▶ What to work on: Transcribe word for word each line from the one containing "中国科协全国性一级学会名单" to the final line of the data, both included. Skip the pictures.

Start of Information provided

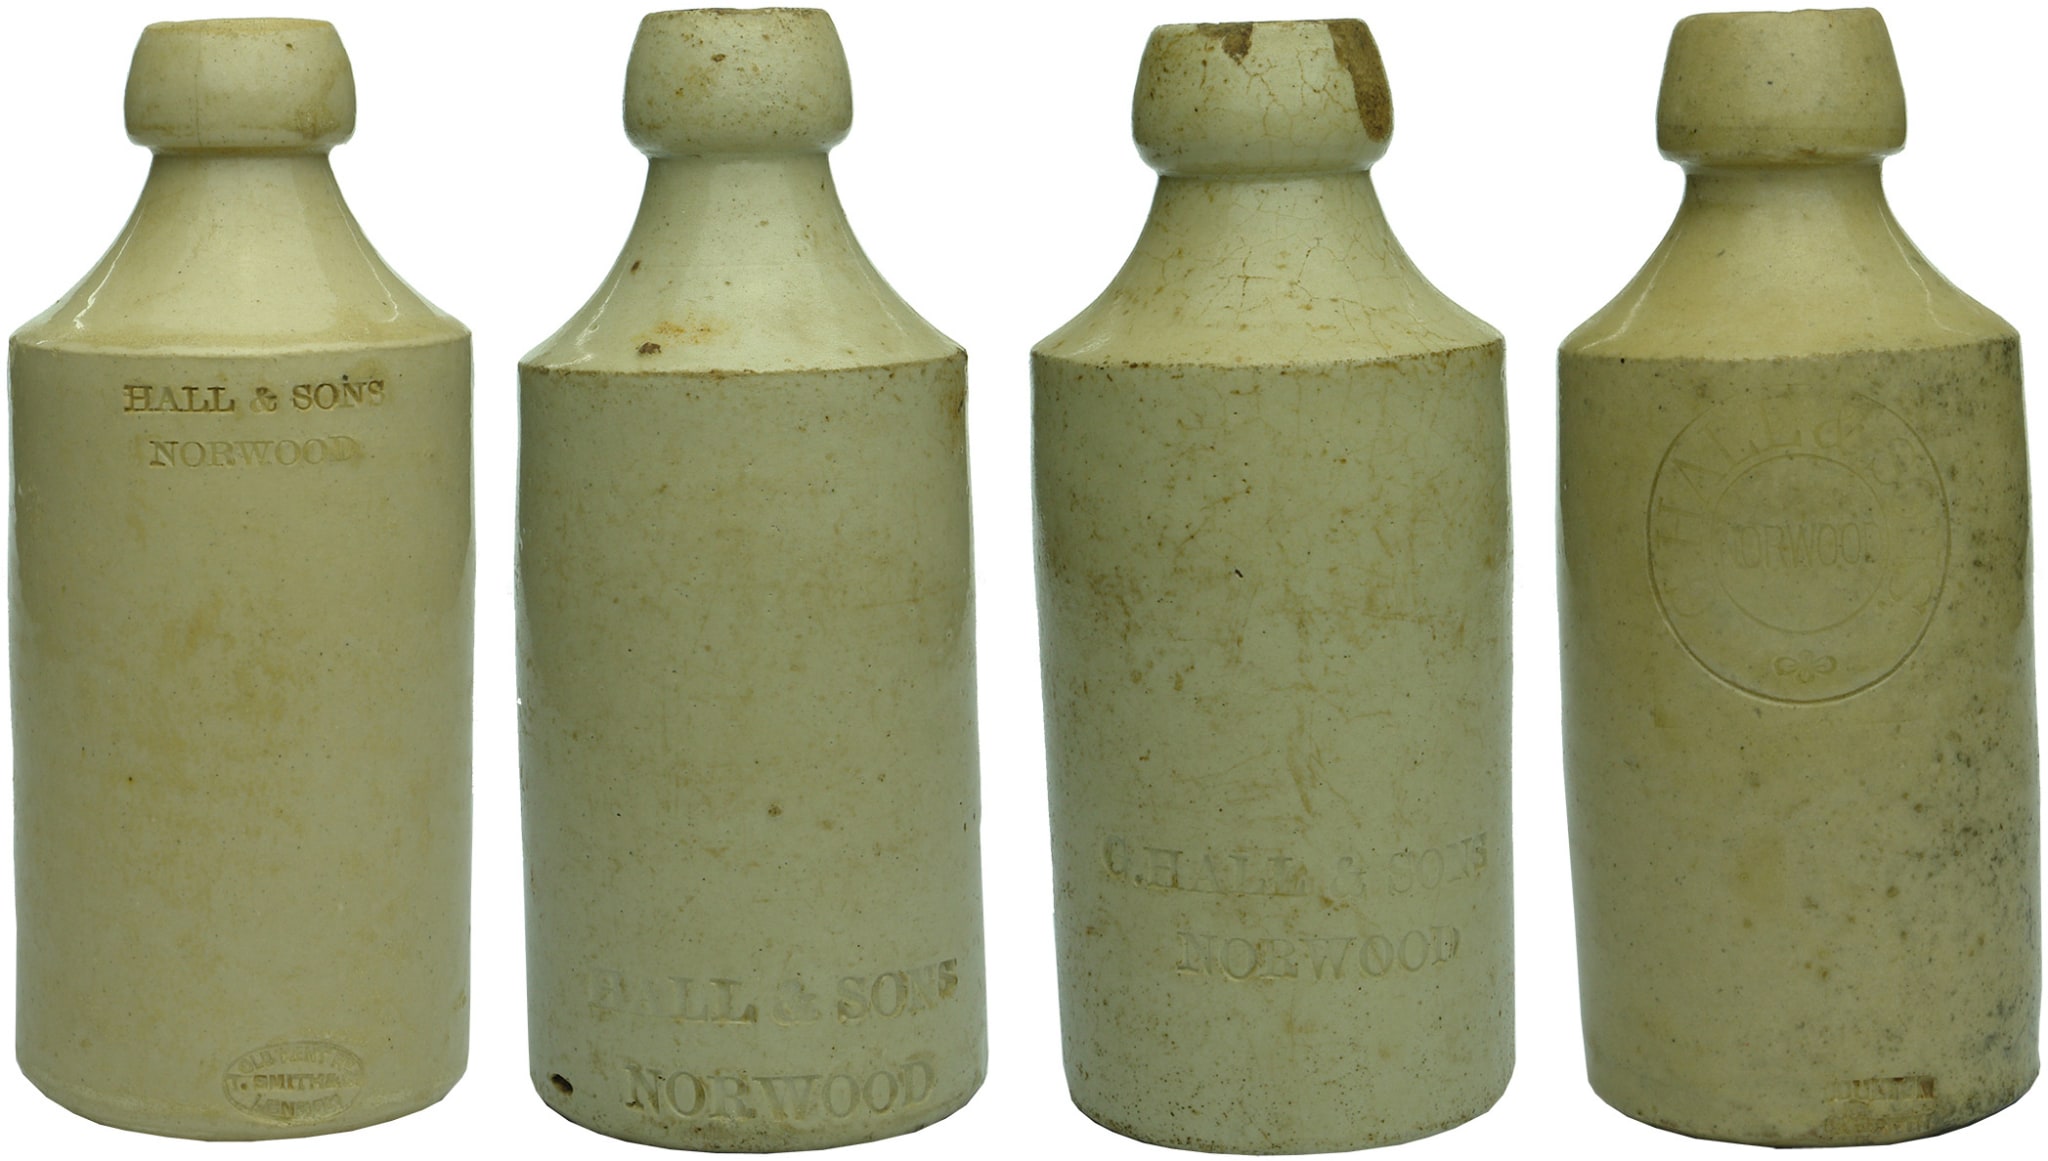 Hall Norwood Impressed Stoneware Ginger Beer Bottles
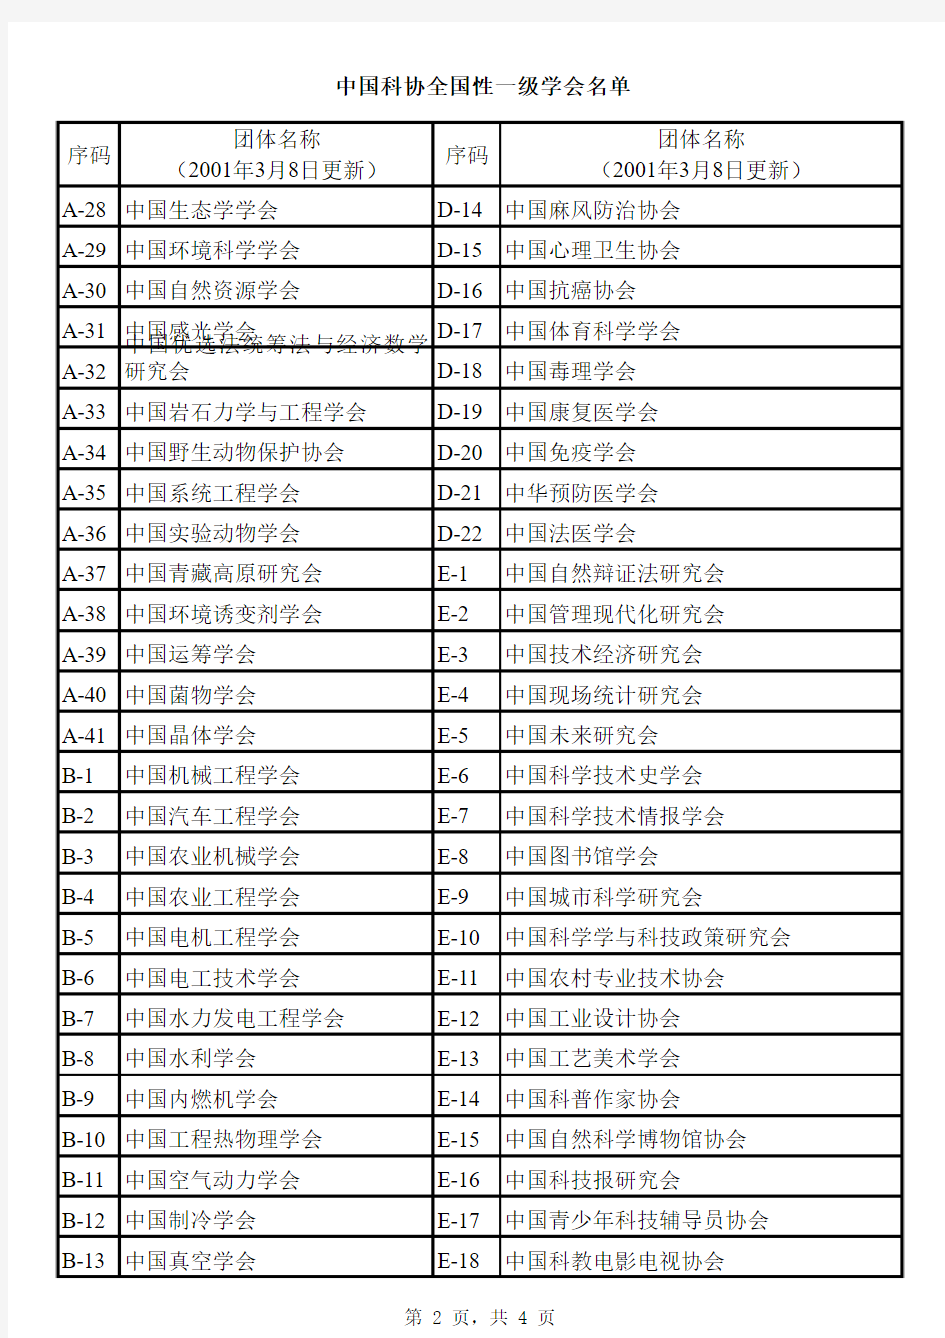 中国科协全国性一级学会名单
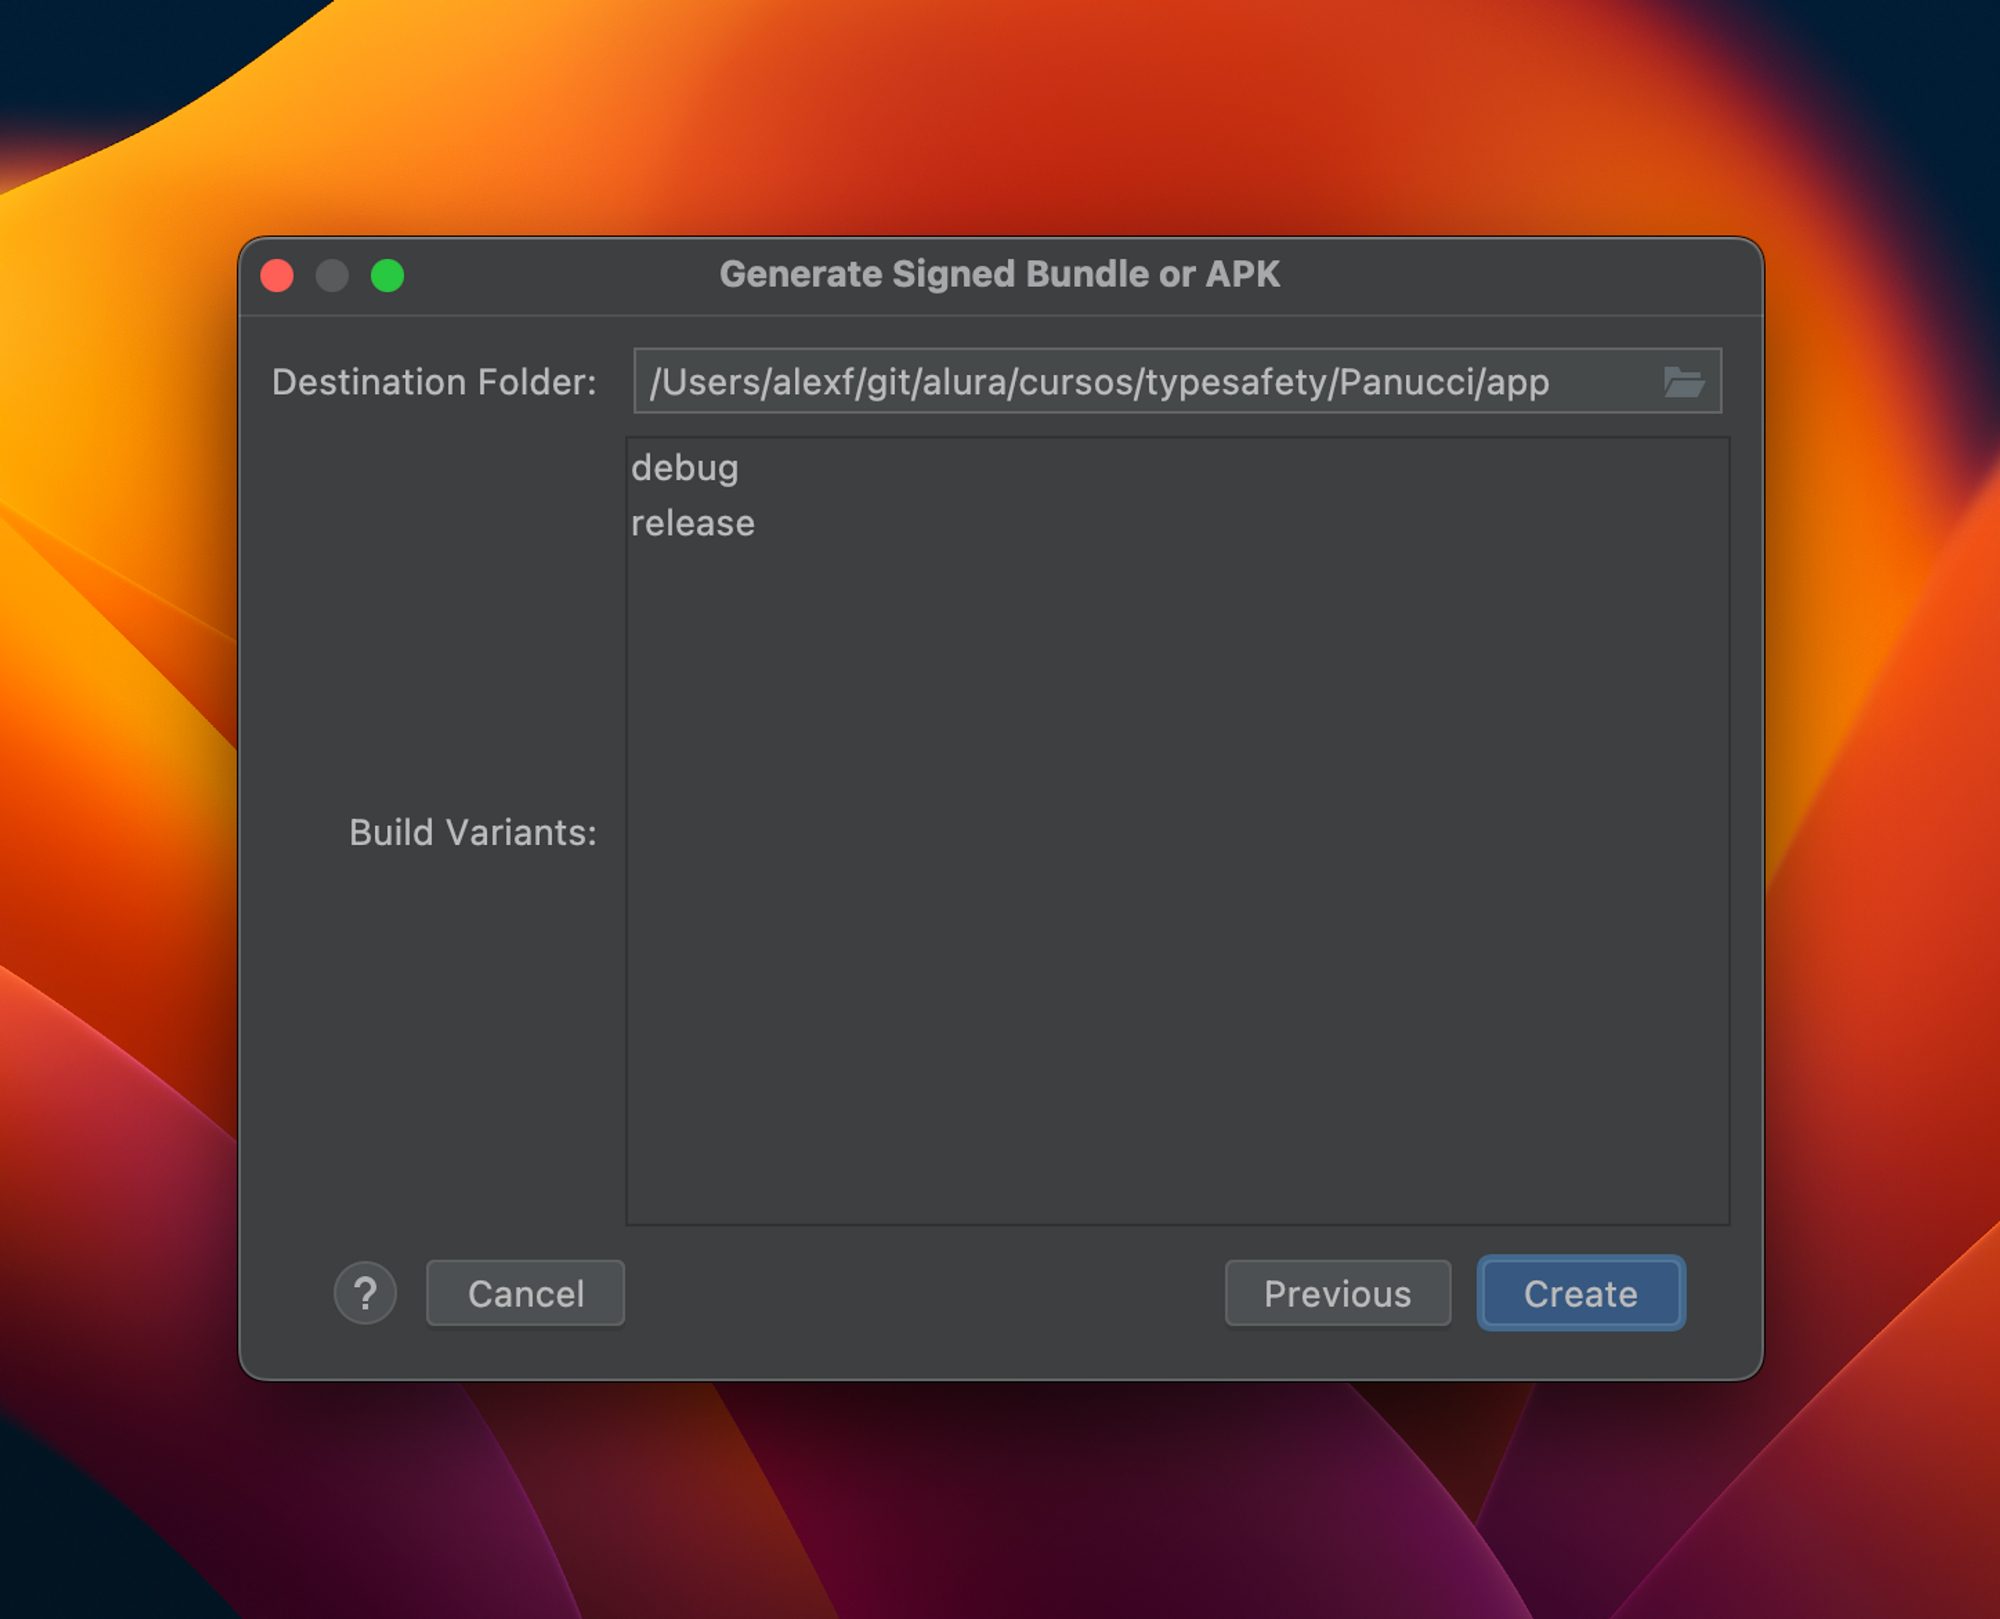 Janela Generate Signed Bundle or APK com os campos Destination Folder e Build Variants, e com os botões Cancel Previous e Create.

End of Information provided

▶ Expected answer:
 中国科协全国性一级学会名单
 Janela Generate Signed Bundle or APK com os campos Destination Folder e Build Variants, e com os botões Cancel Previous e Create.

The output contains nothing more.